■ PROBLEM DETAILS ■
Copy task. Retype the whole listing exactly, omitting any picture in it.

■ RECORDED INFORMATION ■
--- START ---

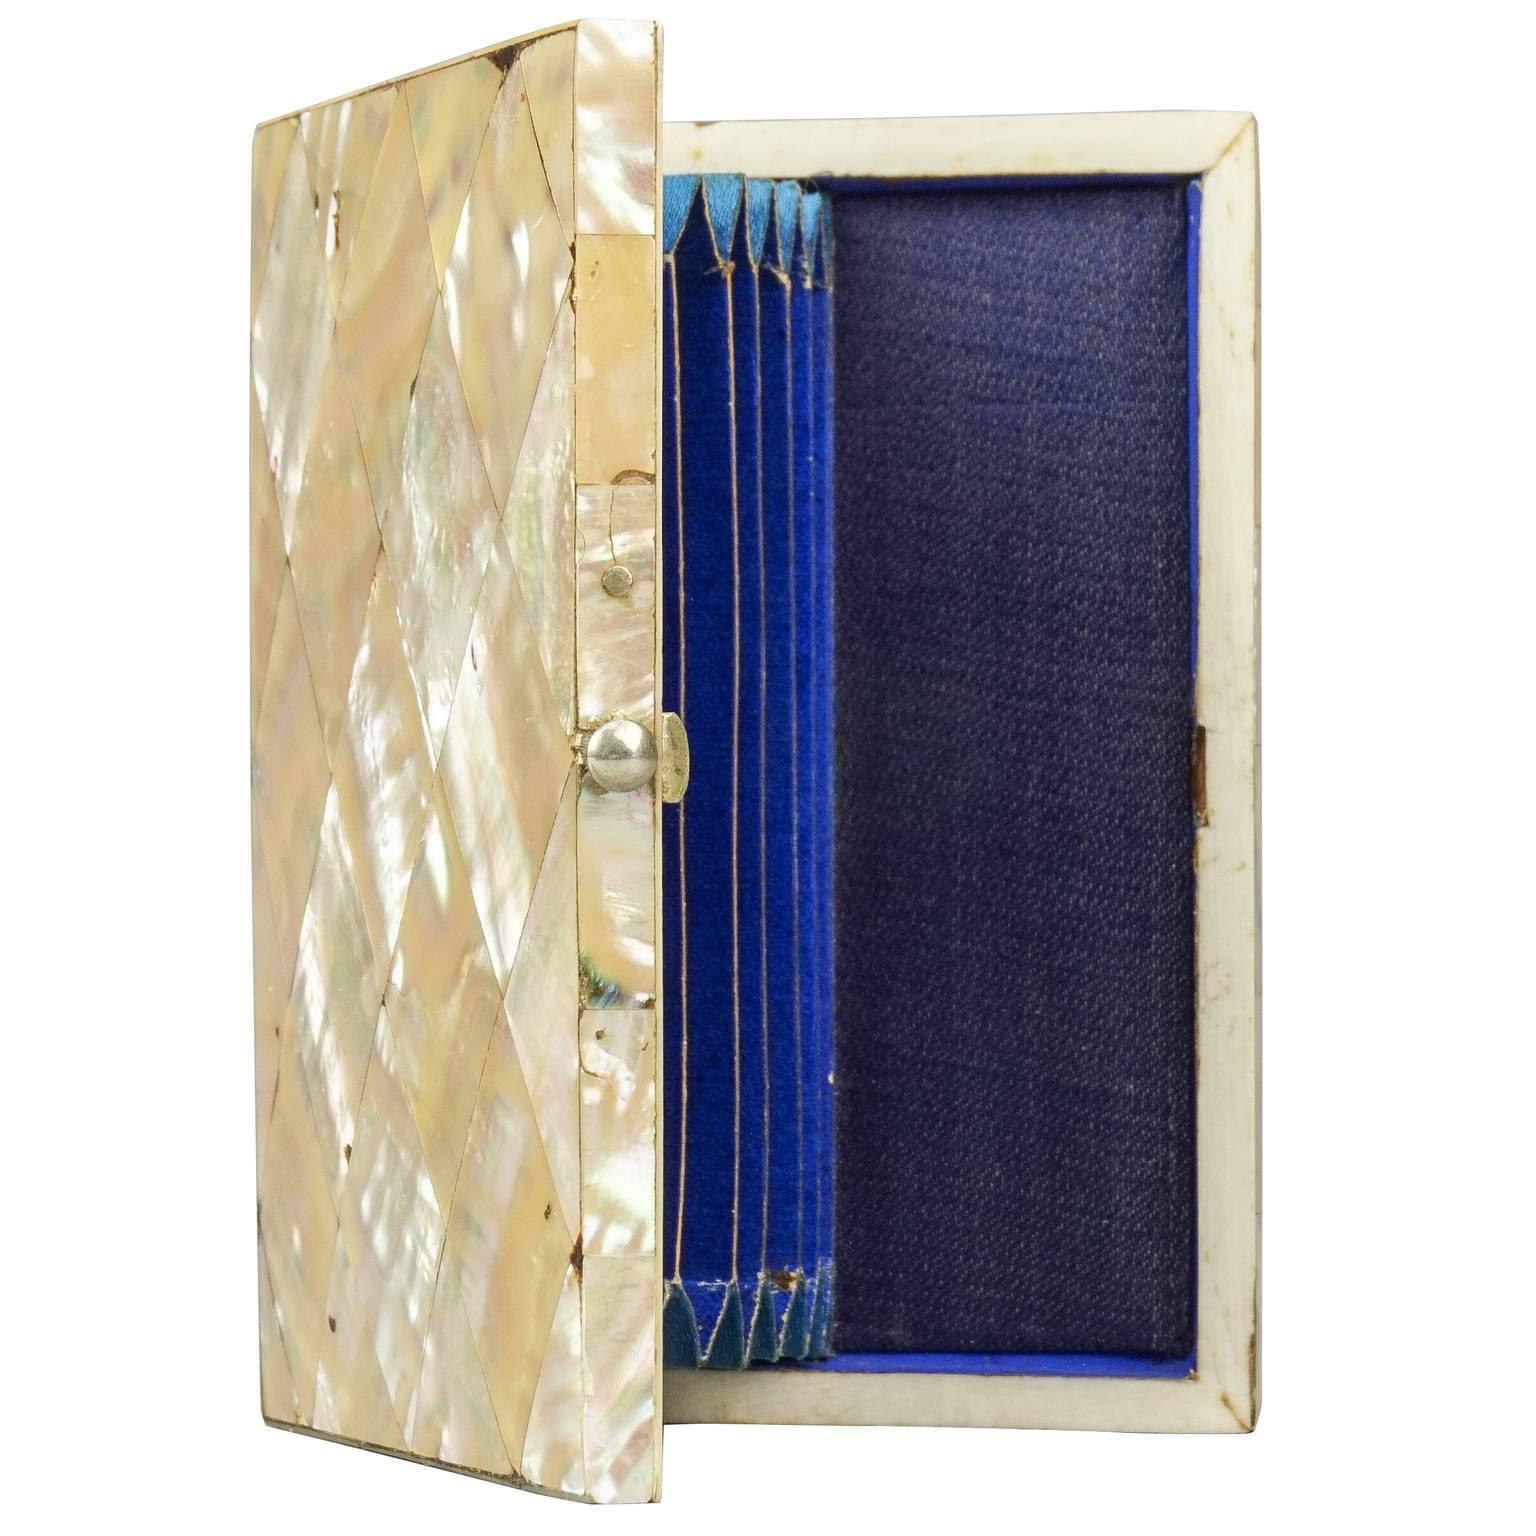 Couldn't resist this elegant English Victorian card case.
This business or calling card holder is quite large with a blue accordion interior that will hold modern credit cards, business cards, a drivers license, and your house key. 

The case is
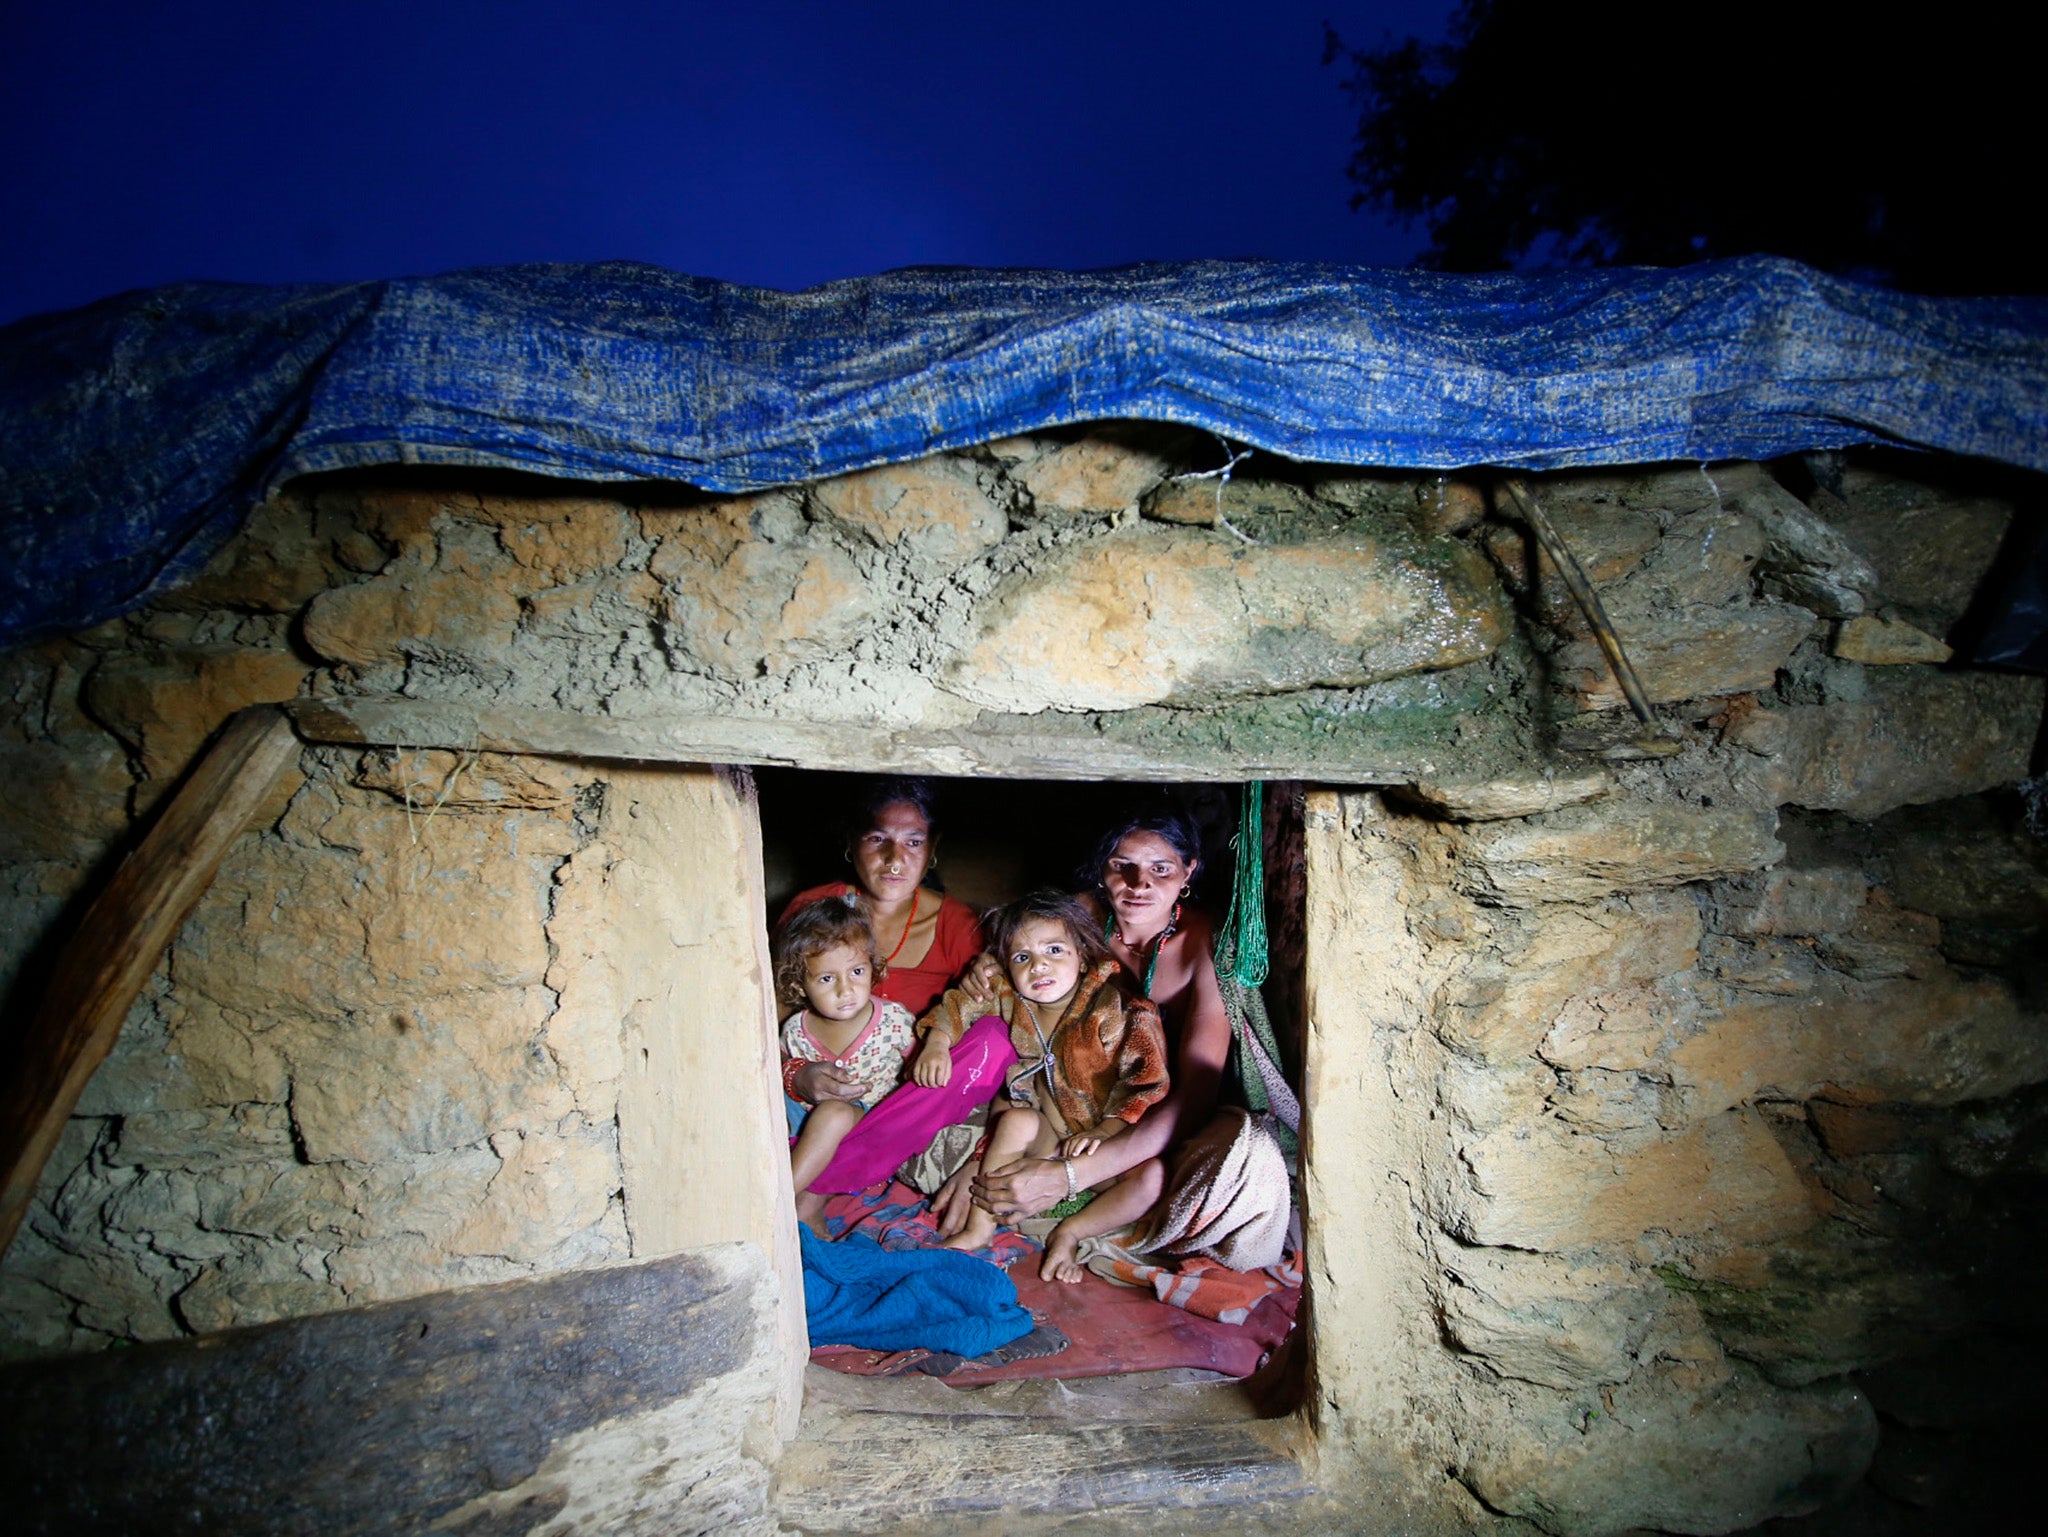 Woman in Nepal who observe the chhaupadi taboo are banished to mud or stone huts, some of them no bigger than closets

--- END ---

■ TASK ANSWER ■
 Couldn't resist this elegant English Victorian card case.
This business or calling card holder is quite large with a blue accordion interior that will hold modern credit cards, business cards, a drivers license, and your house key. 

The case is
 Woman in Nepal who observe the chhaupadi taboo are banished to mud or stone huts, some of them no bigger than closets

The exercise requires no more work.